ASSIGNMENT: The answer is all of the data repeated exactly, with each picture omitted.

DATA SHOWN below:

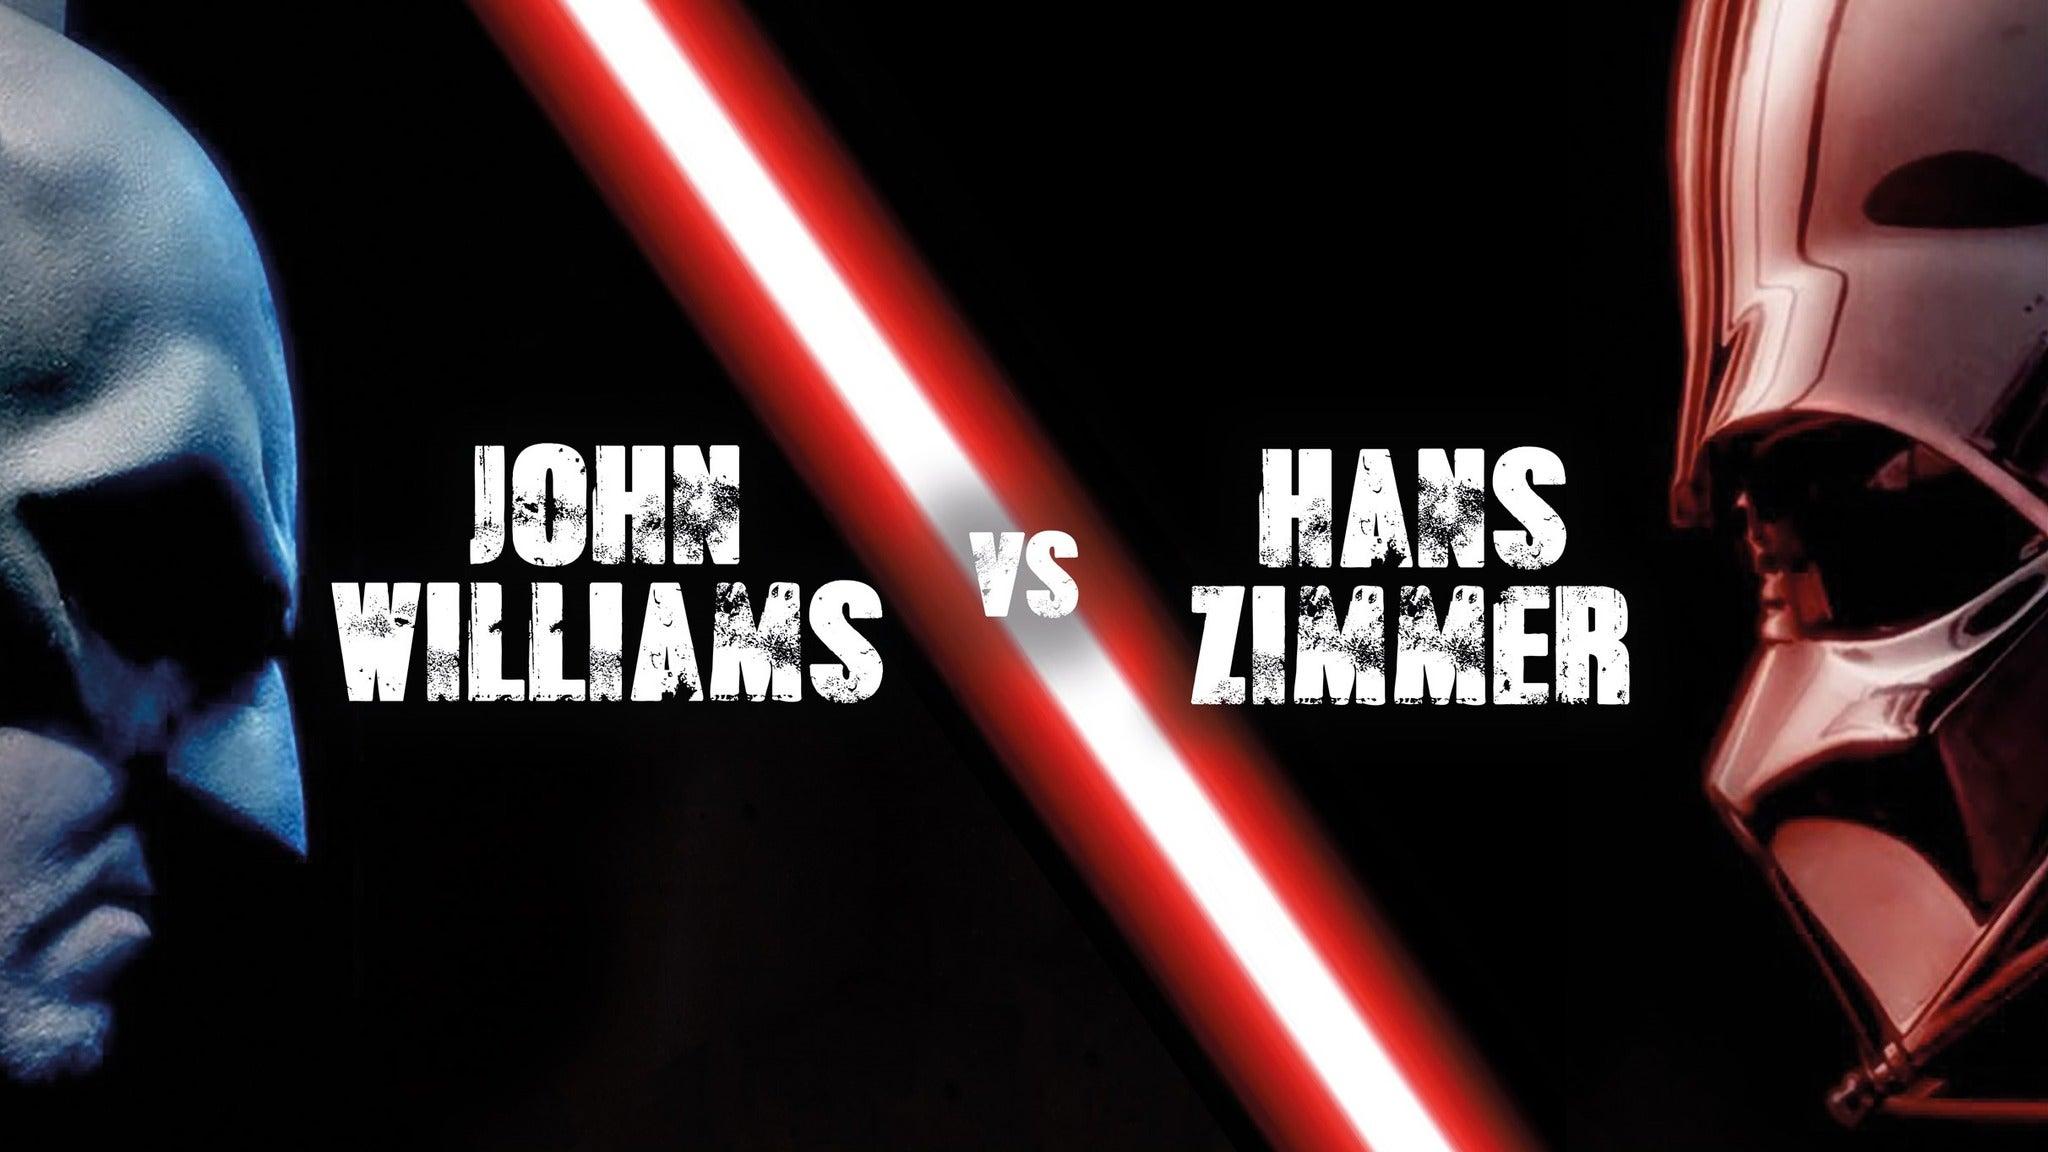 Zimmer vs Williams
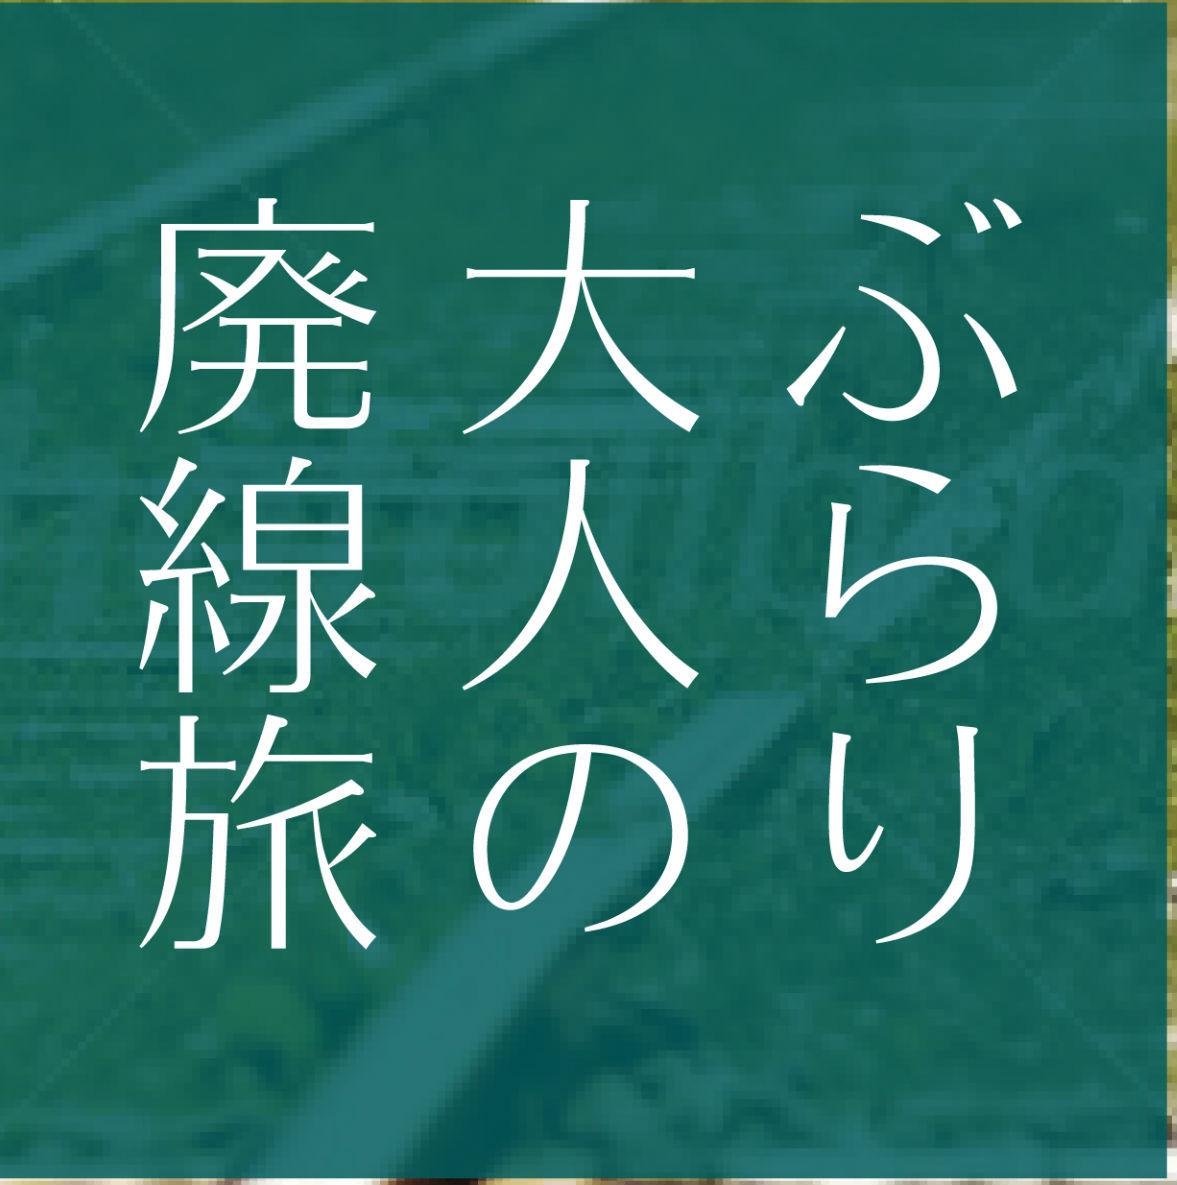 井笠鉄道【後編】記念館と往年の鉄道車両を目指して
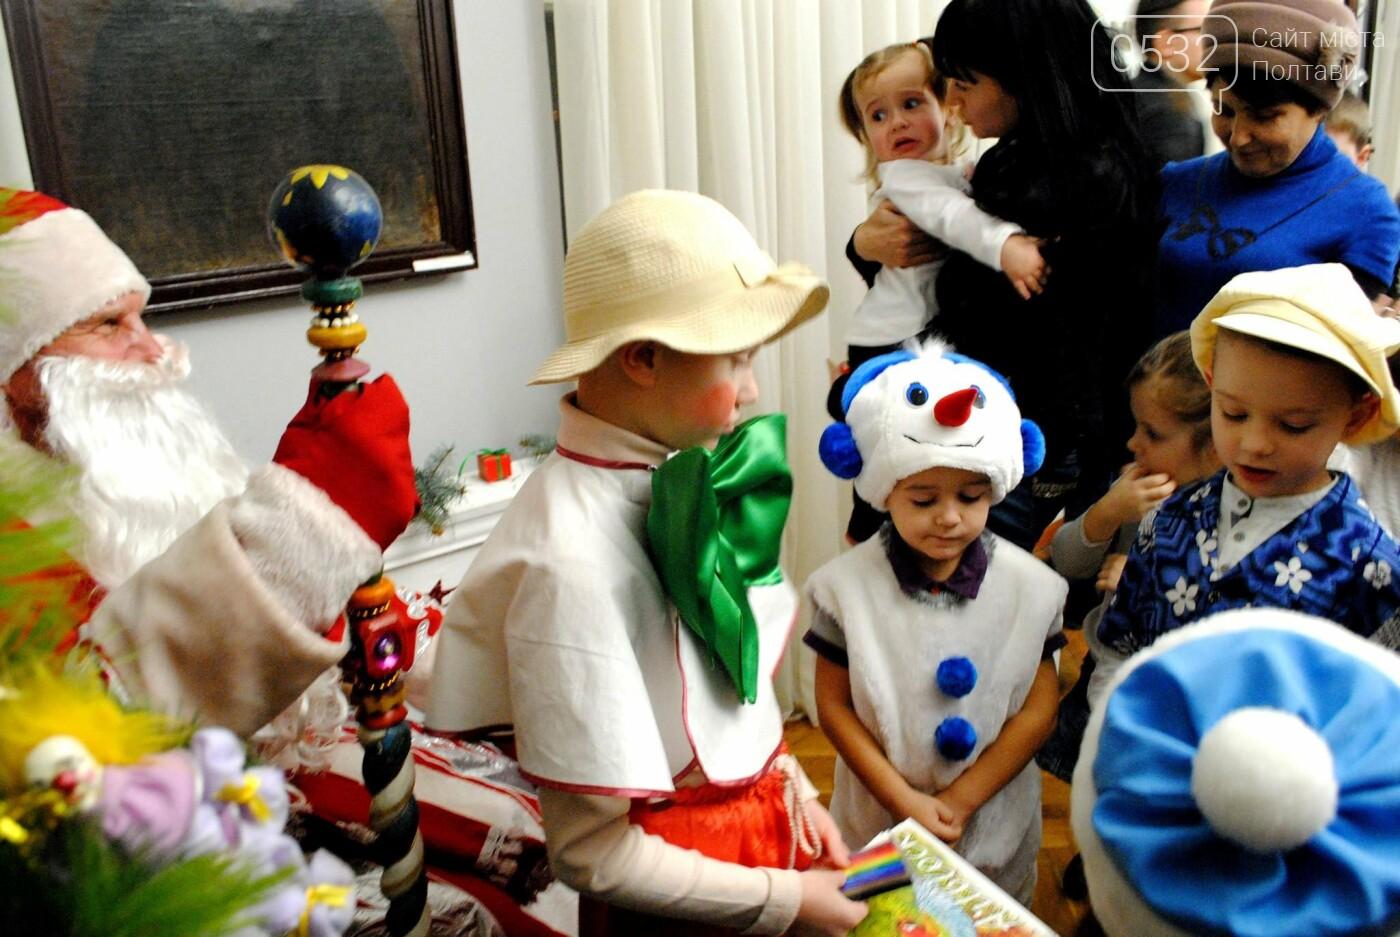 Як відзначають Міжнародний день музеїв у Полтаві: полтавка про роботу в музеї В.Г. Короленка , фото-1
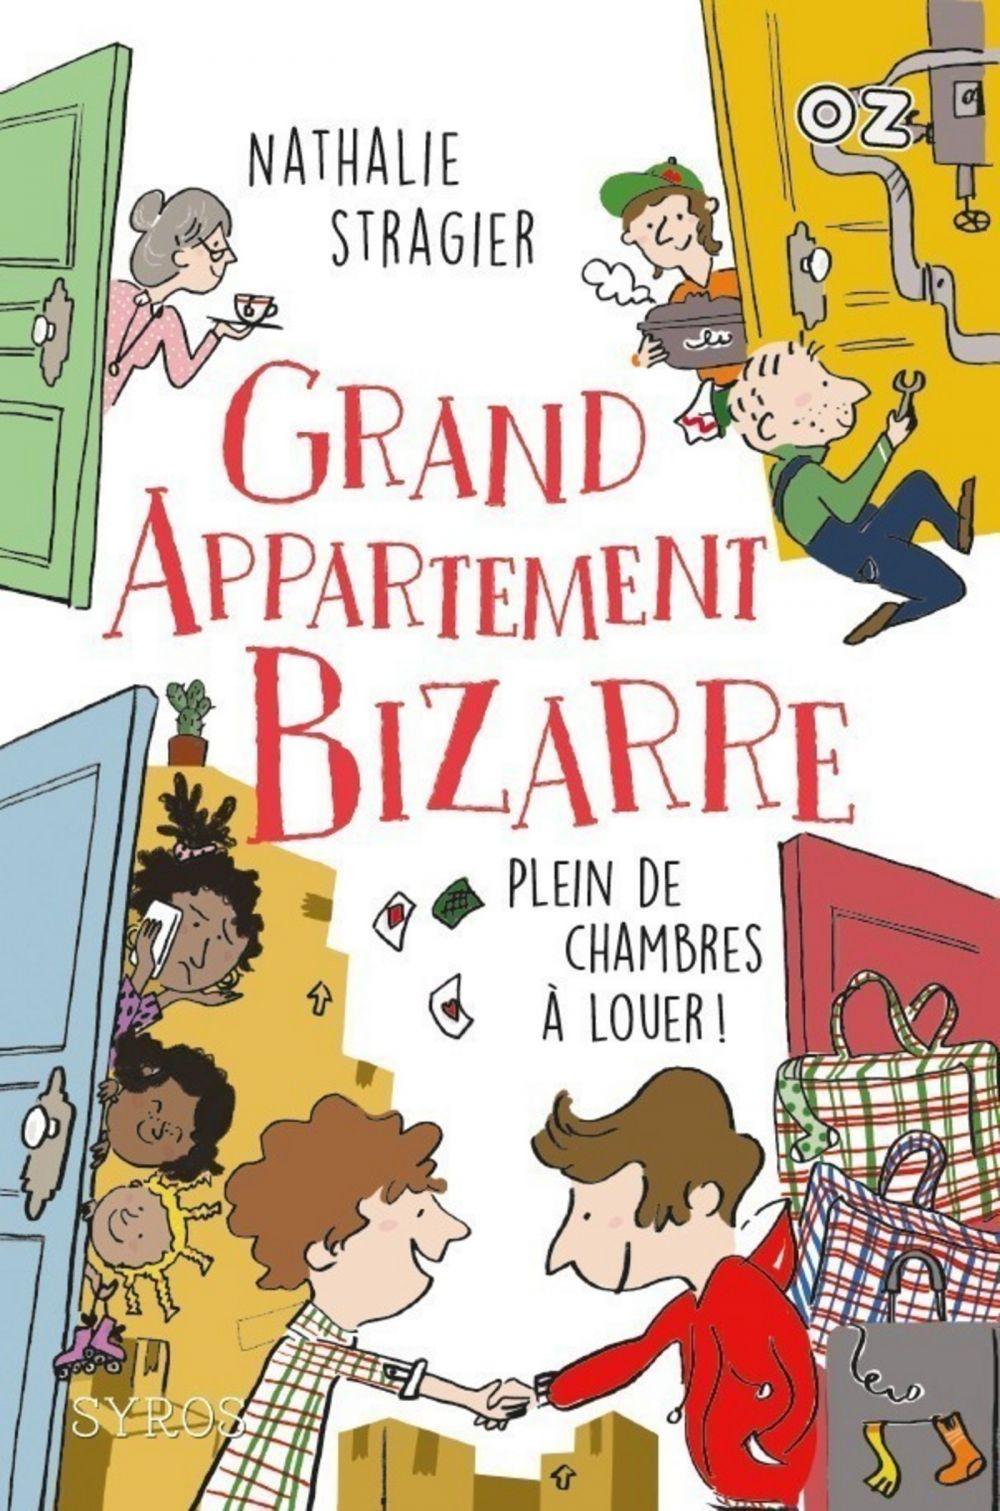 Grand Appartement Bizarre - Tome 1 : Plein de chambres à louer ! - collection OZ | Stragier, Nathalie

End of DATA SHOWN.

WRITTEN SOLUTION:
 Zimmer vs Williams
 井笠鉄道【後編】記念館と往年の鉄道車両を目指して
 Як відзначають Міжнародний день музеїв у Полтаві: полтавка про роботу в музеї В.Г. Короленка , фото-1
 Grand Appartement Bizarre - Tome 1 : Plein de chambres à louer ! - collection OZ | Stragier, Nathalie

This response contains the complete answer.